Kemudian, menurut data uji creep, empat model pemulihan creep yang berbeda setelah
pembongkaran dianalisis dan dievaluasi. Kesimpulan berikut dapat diambil dari penelitian ini:
(1) Dalam kondisi uji creep terpadu, creep spesifik dalam tegangan dan kompresi untuk tiga usia
pemuatan berbeda berbeda, dan creep spesifik dalam tegangan semuanya lebih besar daripada

Mekanika Batuan Lanjut II


33
RAYAPAN Mekanika Batuan Lanjut II

creep spesifik dalam kompresi.

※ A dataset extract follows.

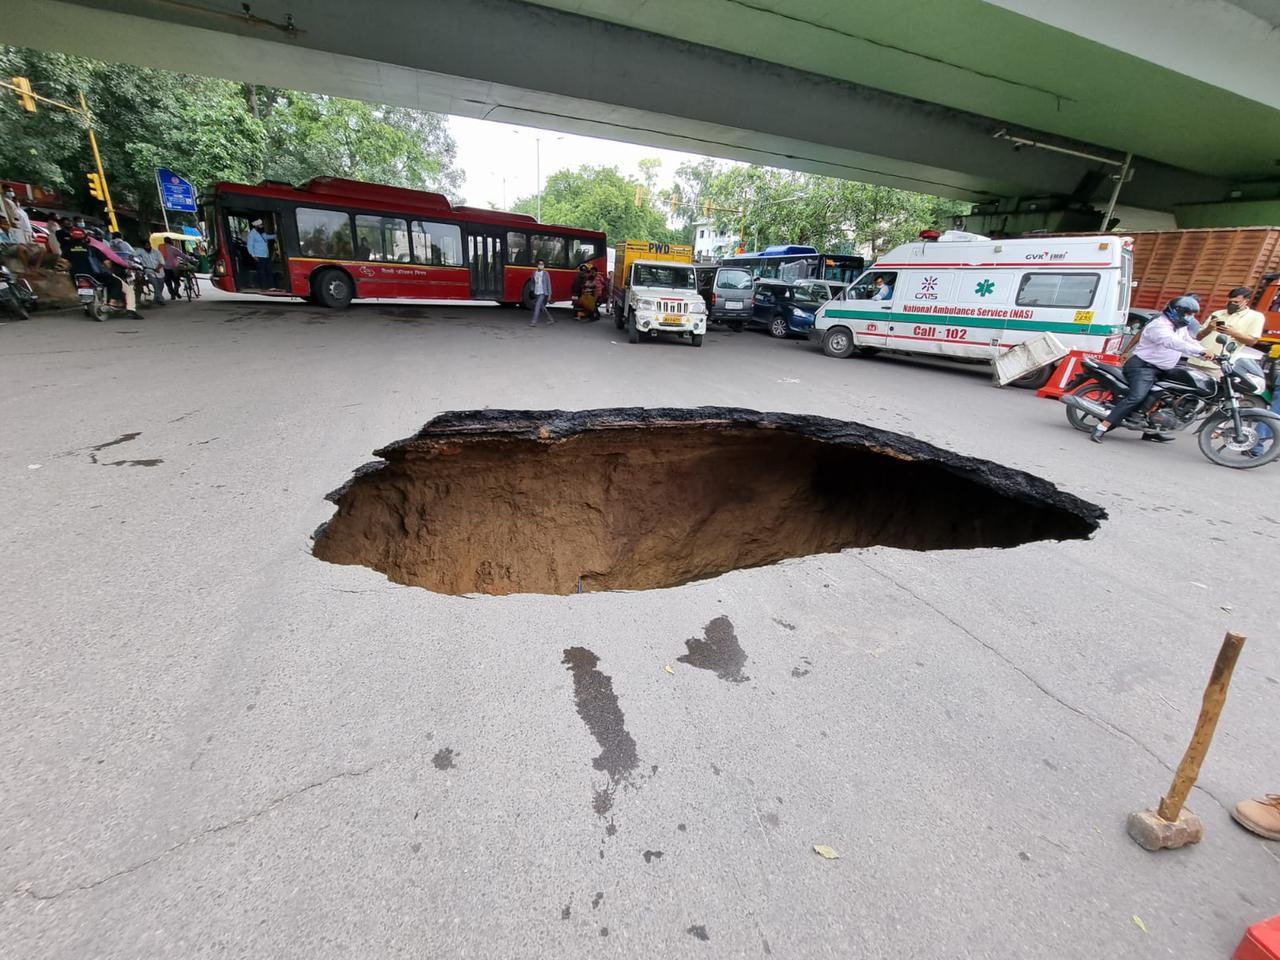 IIT रोड पर सड़क जमीन के अंदर धंसने के बाद जाम जैसी स्थिति बन गई।
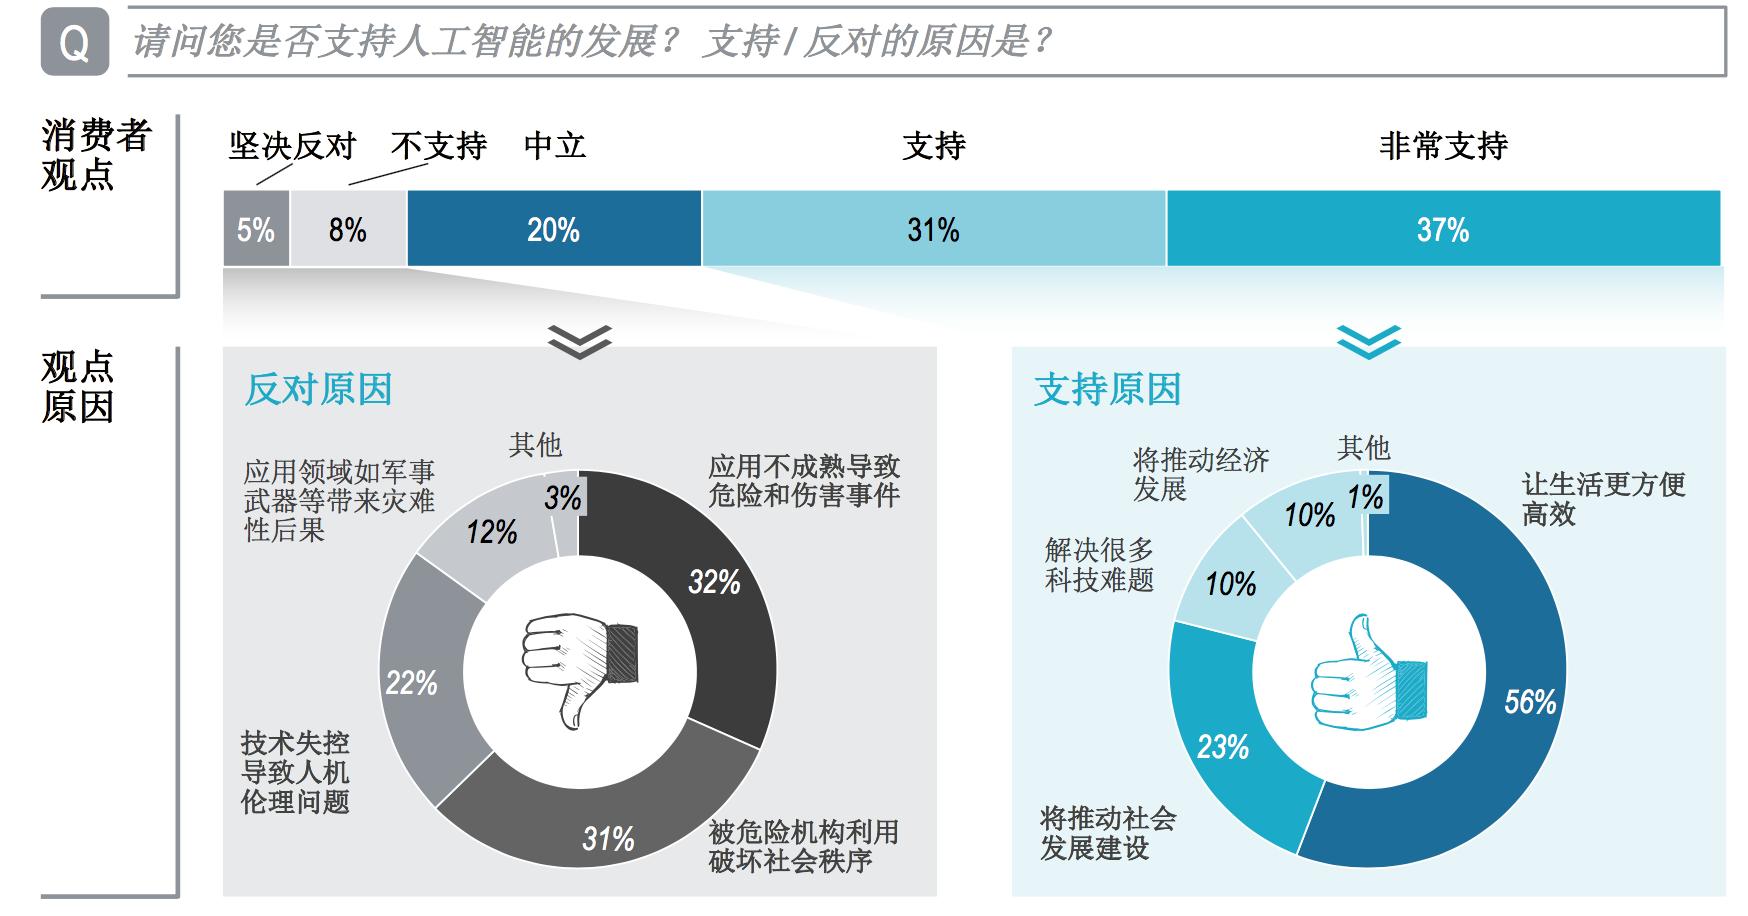 消费者对于人工智能的态度,图表来自《《中国汽车行业人工智能应用报告》

Rasio creep spesifik dalam tegangan terhadap creep spesifik
dalam kompresi untuk setiap grup secara bertahap menurun dengan bertambahnya waktu
penahanan beban, dan akhirnya cenderung antara 1,56 dan 1,94.
(2) Teori umur ekivalen diperkenalkan untuk menetapkan model tegangan dan kompresi creep
spesifik dengan mempertimbangkan pengaruh riwayat suhu, dan pemulihan creep spesifik
setelah pembongkaran dihitung berdasarkan prinsip superposisi. Hasilnya menunjukkan bahwa
nilai yang dihitung yang diperoleh dengan melapisi creep spesifik dalam kompresi lebih sesuai
dengan nilai pemulihan creep yang diukur untuk uji tarik dan tekan creep.